Ковен тысячи костей - стр. 19
– Что насчет вторника? Я мог бы отпроситься и…
Коул вздохнул, но не выдохнул, смолкнув на полуслове. Один вид обветшалого зеленого коридора – и Коул был неспособен думать ни о чем, кроме того, что ждет его в конце этого пути. Похожий на гигантского червя, проевшего сердцевину яблока, коридор тянулся через всю больницу, облепленный палатами. Из каждой доносились звуки: несуразное чавканье, истеричный смех, детские песенки и невнятные диалоги, которые пациенты вели в абсолютной тишине, отвечая себе разными голосами. Проходя мимо, я заглянула в узкое окошко, где женщина расхаживала от стены к стене, активно жестикулируя, будто объясняла что-то невидимому собеседнику.
«О нет! Знаю, о чем ты думаешь. Ты не такая. Они – сумасшедшие, а ты просто… особенная».
От несуществующего голоса в голове это прозвучало неубедительно. Я покосилась на Коула, но он даже ухом не повел. Очевидно, этот голос по-прежнему звучал лишь для меня одной – тихий шелест, напоминающий осень с ее опадающими листьями. Как и воспоминания о пережитом в Башне, голос не давал знать о себе с тех самых пор, как сгинула Ферн…
«И все-таки я еще здесь».
Какая радость!
Я поджала губы, пытаясь затолкать эхо былых дней туда, откуда оно выползло, и осмотрела просторный зал, которым закончился зеленый холл. Оборудованный проигрывателем, диванами и стеллажом с настольными играми, он служил местом встречи для жителей данного заведения. Медсестры в белых халатах заботливо усаживали стариков за шахматные доски, а те, кого слишком щедро пичкали таблетками, сидели на ковре, уставившись в одну точку.
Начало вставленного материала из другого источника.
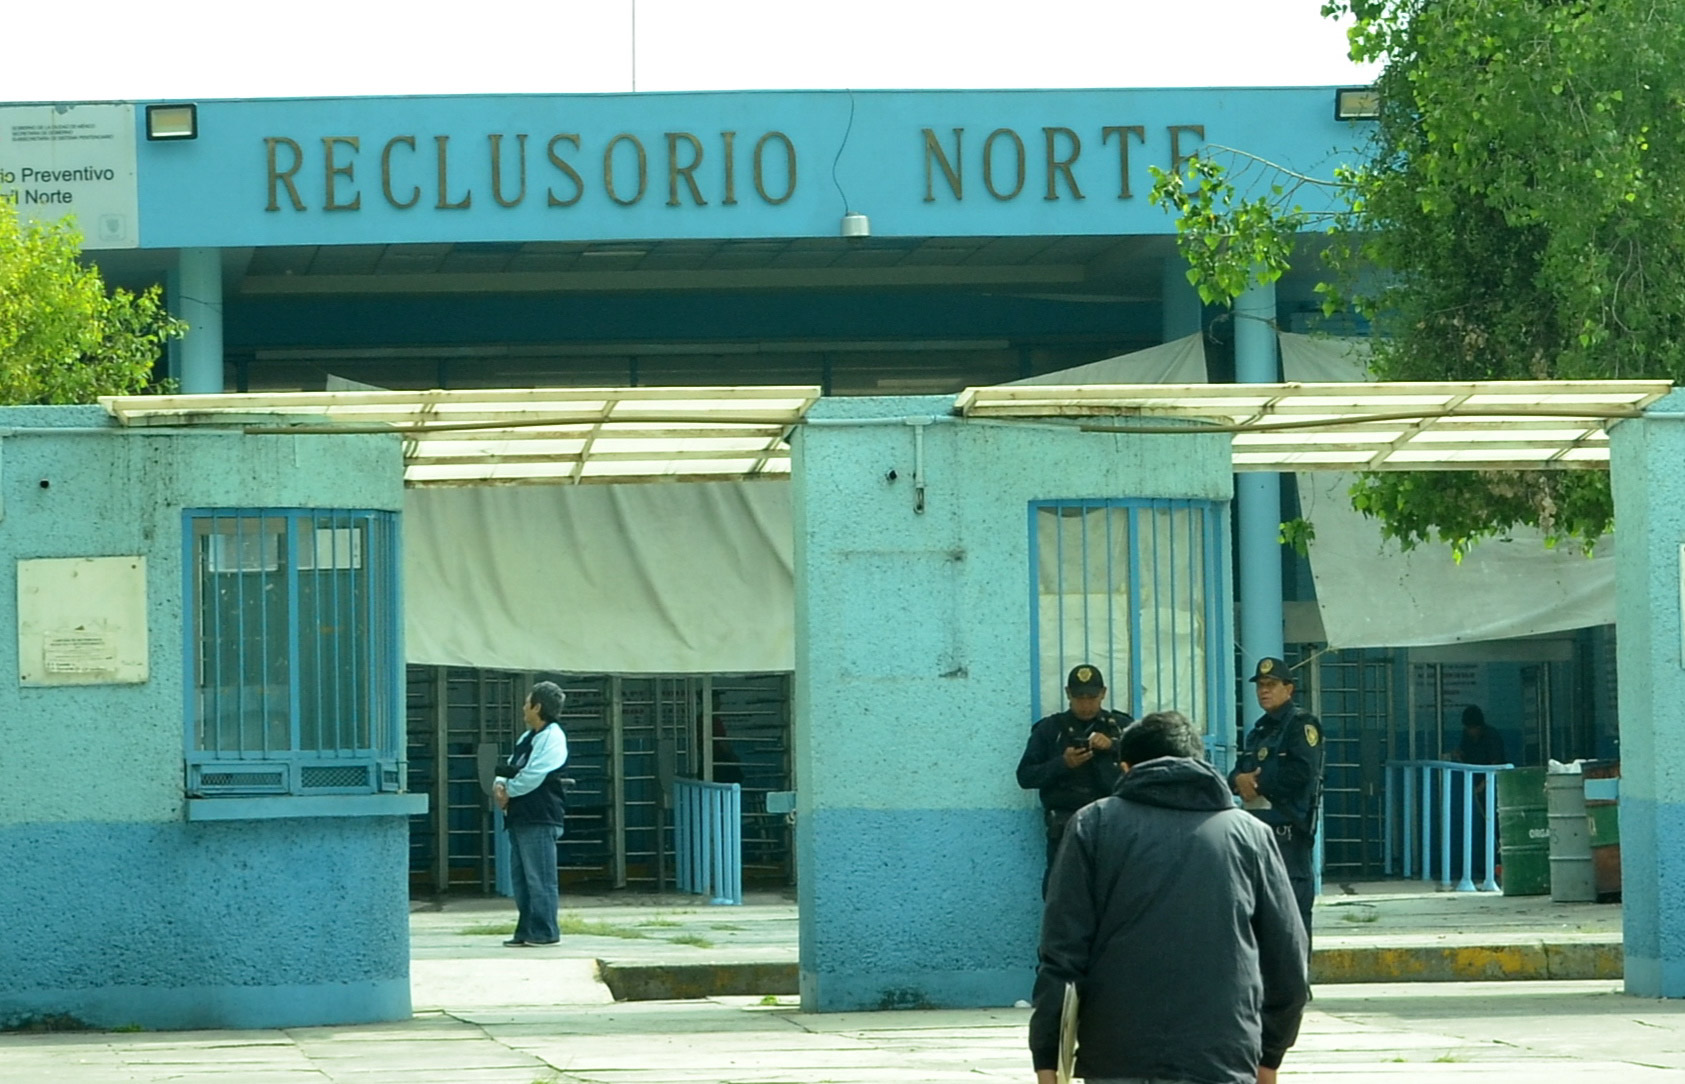 La prisión preventiva ha sido tema de debate en México en los últimos meses.
FOTO: ARMANDO MONROY /CUARTOSCURO.COM

Я едва поспевала за Коулом: он давно выучил расположение столиков и знал, что тот, кого мы навещаем каждое воскресение, всегда занимает место возле высокого окна рядом с узкой скамьей. Там было достаточно светло, чтобы рисовать без лампы, и достаточно безлюдно, чтобы не пришлось ни с кем делиться любимыми мелками.
– Здравствуй, Гидеон.
Он медленно поднял голову и, смерив нас неизменно стеклянным взглядом, так же медленно опустил ее обратно. На столике лежал альбом для рисования, а на коленях – открытая пачка с разноцветной пастелью, самой дорогой и яркой, какую Коул только смог добыть в художественной лавке. Одетый в синюю льняную рубашку, оттеняющую зелень его глаз, ныне спящую, как и зелень берлингтонского леса, Гидеон снова погрузился в кропотливую живопись.
Сглотнув сухость во рту, я подошла вместе с Коулом поближе.
Ребенок в теле взрослого мужчины – таким стал Гидеон в тот день, когда Морган вернула его с того света, и таким он оставался до сих пор. Мускулистый и широкий в плечах, крупнее Коула в полтора раза, с изящными чертами лица, тонкими губами и россыпью обворожительных веснушек… Но с абсолютно неживыми глазами. Глядя на Гидеона теперь, было сложно не думать о том, чего стоит такая жизнь. Не человек, а растение: ест пищу, но не чувствует вкус; перебирает мелки, рисует, но красоты не видит; смотрит на тебя и не узнает. Невзирая на все наши надежды, что в Берлингтоне ему станет лучше, что просто требуется время, Гидеон так и не оправился. У Коула ушел месяц на то, чтобы признать, что его брат не в порядке, и еще месяц на то, чтобы смириться с этим.